The GCIDE markup provides two ways for representing such characters: using
special "escape sequences" and using special markup entities. Historically,
"escape sequences" were used to indicate the character's ordinal position in
a special font, prepared by MICRA, Inc. to represent it on screen. Although
nowadays this method is obsolete, the dictionary corpus still uses these
sequences. This file describes their mapping to Unicode characters.
An escape sequence has the form \'xx, where "x" represent lowercase
hexadecimal digits. For example, \'94 stands for "o" with diaeresis. There
are only 256 such sequences.
Special markup entities are able to represent a wider range of characters.
A markup entity is similar to SGML one, but has a different format. The
traditional &xx; format was judged inconvenient because the ampersand is
used frequently in the corpus. Instead, GCIDE entities have the format
<WORD/, where "<" and "/" represent the beginning and end of the entity and
WORD represents the character itself. Valid WORDs are in some cases
abbreviations (for compactness) of the ISO 8879 recommended symbols.
Characters representable by escape sequences can also be represented by
entities, but the reverse is not true, due to a limited range of the former.

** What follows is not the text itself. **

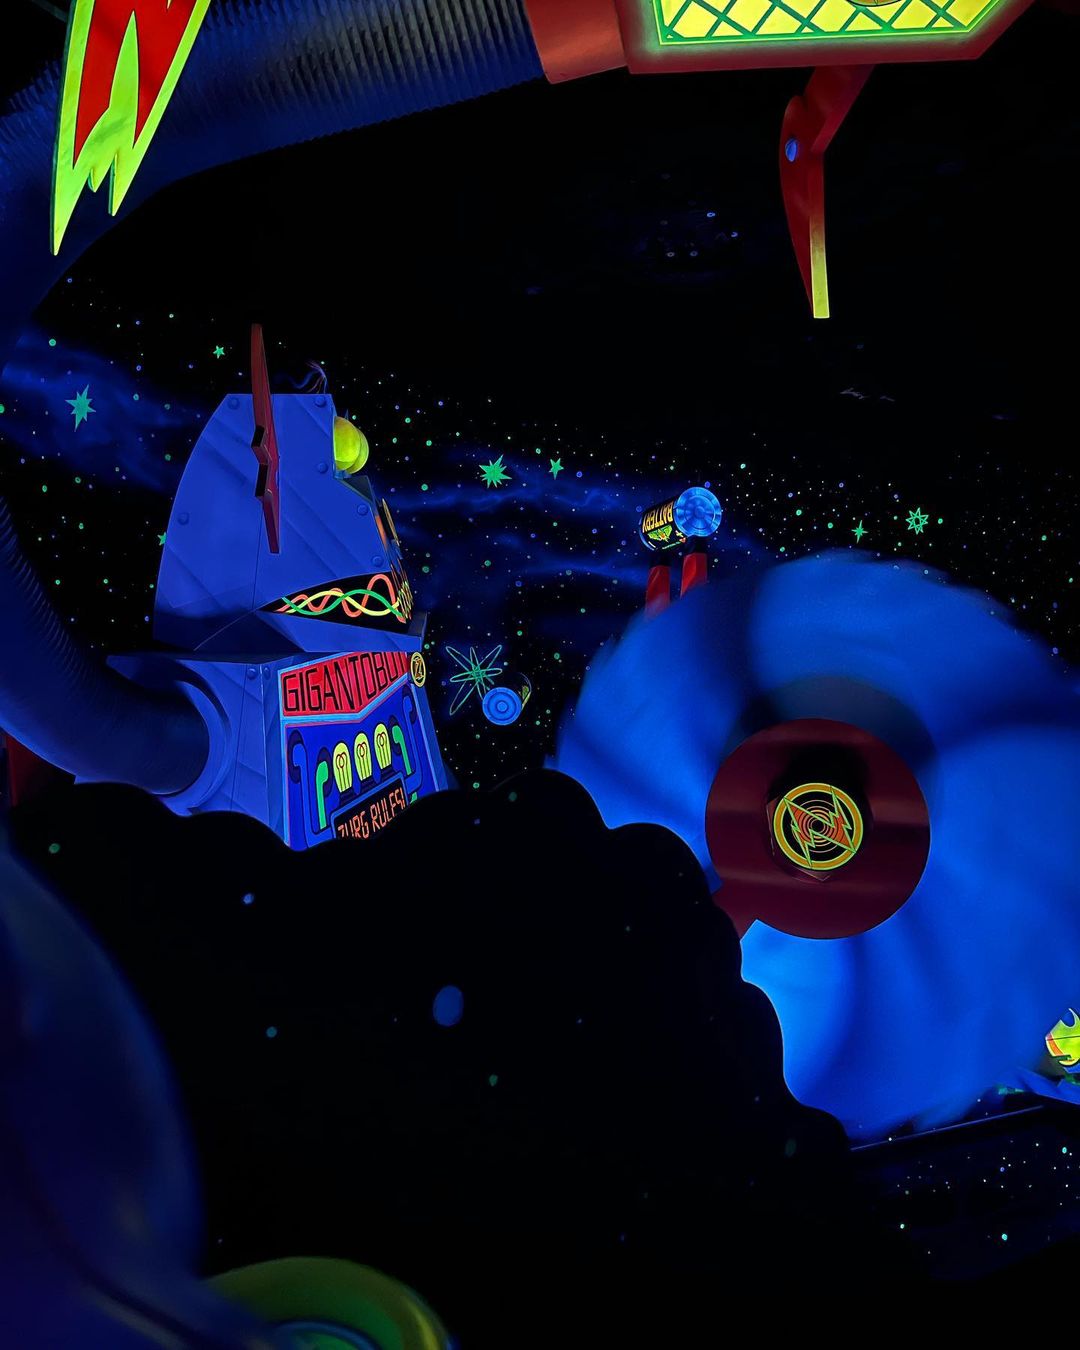 Buzz Lightyear’s Space Ranger Spin - Atração do Toy Story no Magic Kingdom

The Greek words appearing in the etymologies, when they are included, are
typed in a roman-letter transcription, which is described below in chapter
"Greek transliteration".
* Unrecognized characters
Wherever the typists did not know the character to use, they usually
inserted a reverse-video question mark (decimal 176). This appears in
full-ASCII versions as <?/. This mark was used both for characters in
non-ASCII fonts, and for unreadable characters (i.e., characters smeared in
the original or distorted in the copies available to the typists. The type
in the original was in many places smeared and illegible at the left and
right page margins; occasionally, small parts of words were blotted out by
plain white space).
* Italics
In most places, italic font is represented by the tags <it>...</it>
surrounding the italic text, or by some other tag which also implies italic
font. In the pronunciations, however, where italicized vowels are used
among non-italic and other special characters to indicate pronunciation, the
special codes <ait/, <eit/, <iit/, <oit/, <uit/, are also used to indicate
the italicized vowel.
* Diacritics
Vowels with a circle above (as in Swedish) are coded <xring/ (x with a ring,
or "degrees" mark over it); vowels with tilde over them are represented by
<xtil/, where "x" is the vowel, as in <etil/ (<atil/ also has code 238);
letters with a dot above are represented by <xdot/ -- letter with a dot
below are represented by <xsdot/ ("subdot"); vowels with the semi-long mark
(a macron with a short perpendicular vertical stroke attached above) are
represented by <xsl/; the circumflex vowels have codes on this list, but may
also be represented as <xcir/; vowels with macrons above are <xmac/
(including <oomac/, the "oo" with an unbroken macron above the two letters,
<aemac/ = the ligature ae with a macron [also 214 = \'d6], and <oemac/ the
ligature oe with a macron [also 215 = \'d7]); vowels with umlauts or a
crescent (breve) above have codes in this list, but may also be represented
by <xum/ and <xcr/ respectively. There is an occasional hacek or caron mark
(an inverted circumflex) in the original; such letters are coded <xcar/.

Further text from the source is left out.